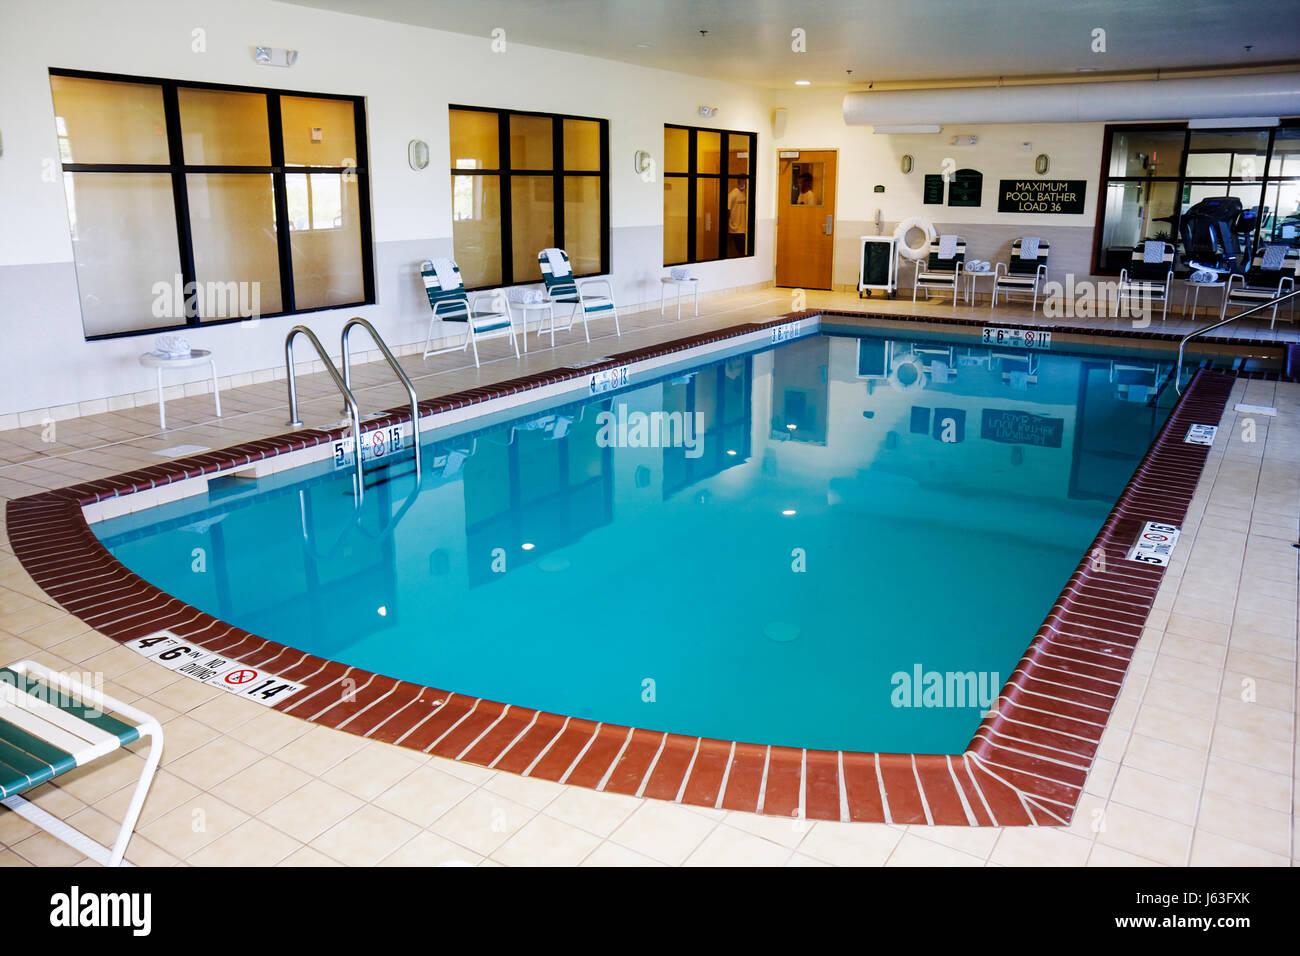 Indiana Valparaiso Holiday Inn Express motel indoor swimming pool chairs depth marker - Stock Image
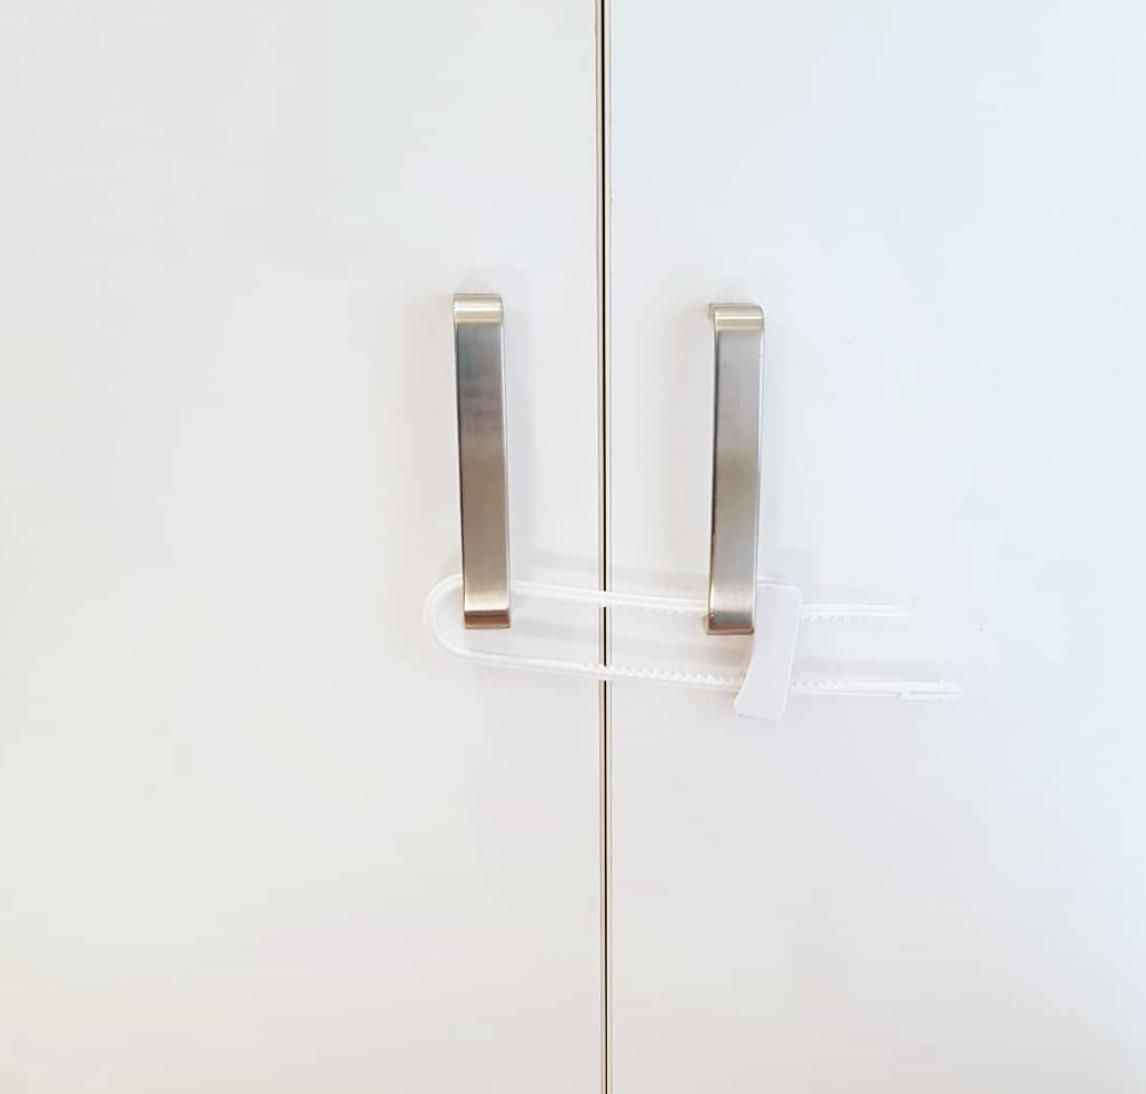 Baby proofing sliding cabinet locks
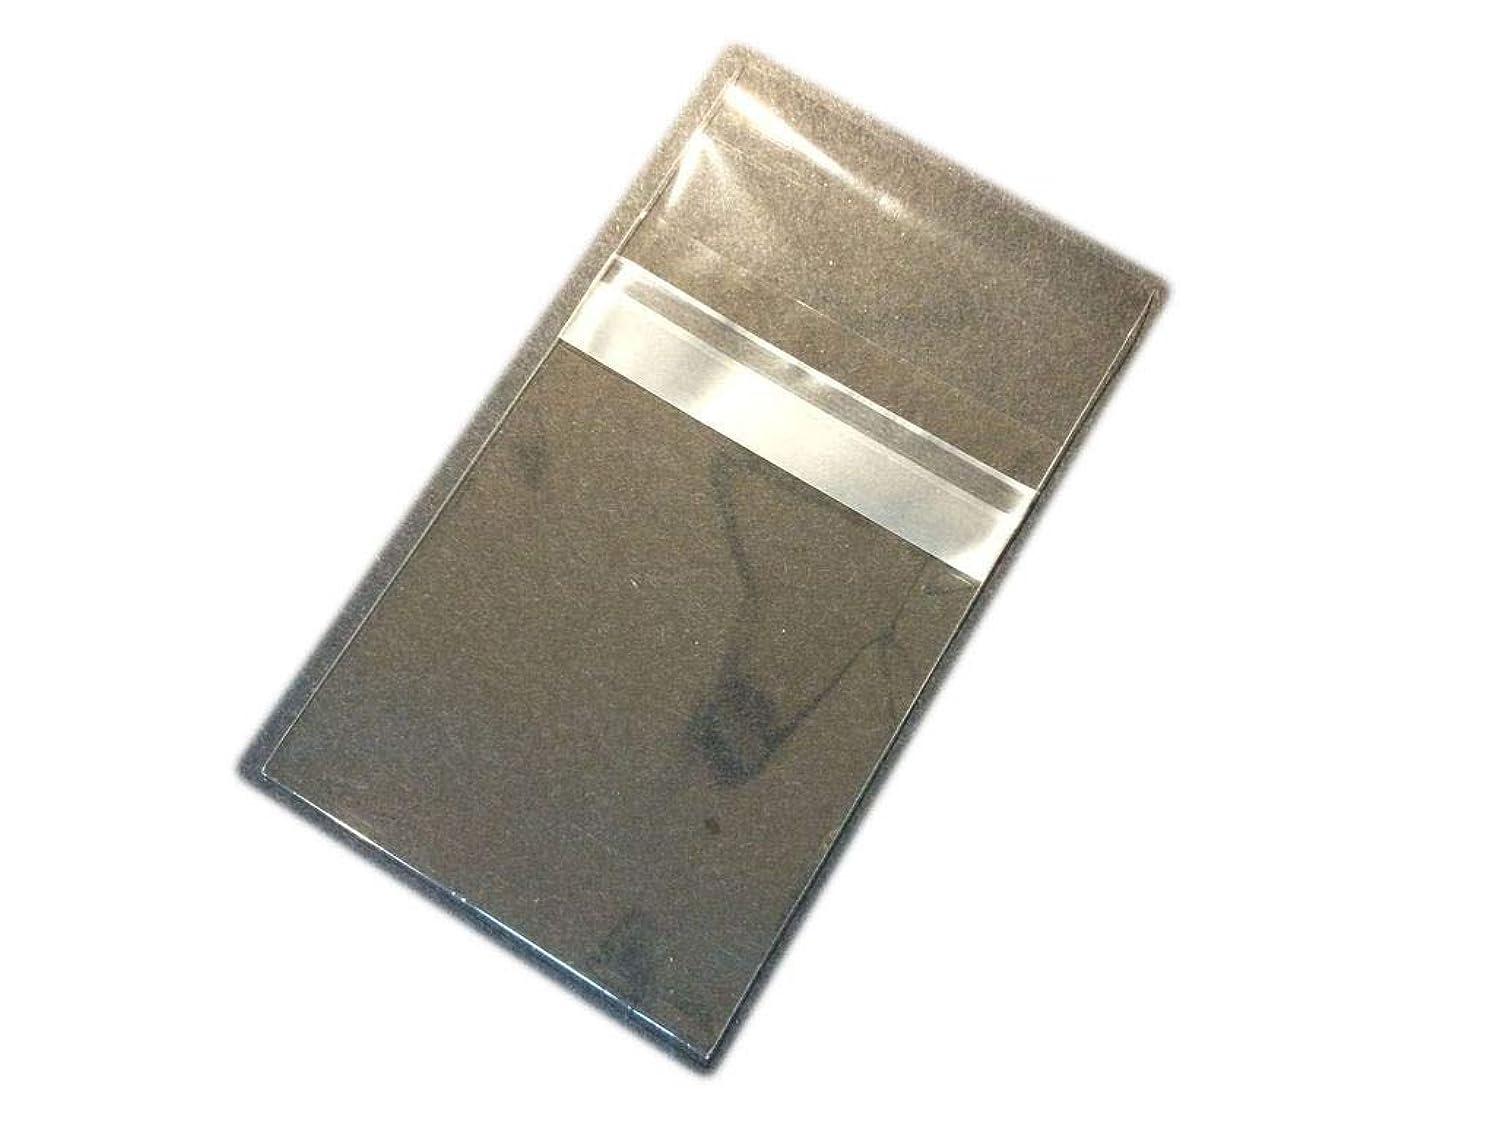 UNIQUEPACKING 100 Pcs 4 5/16 X 9 3/4 (P) Clear #10 Business Envelopes Cello Bags - Tape Strip on Body

▶ [EXERCISE DETAILS]: Find the line with "Baby proofing sliding cabinet locks" in the listing above, then write it out along with every later line through the last one, exactly, omitting pictures.

▶ [SOLUTION TO THE PROBLEM]:
 Baby proofing sliding cabinet locks
 UNIQUEPACKING 100 Pcs 4 5/16 X 9 3/4 (P) Clear #10 Business Envelopes Cello Bags - Tape Strip on Body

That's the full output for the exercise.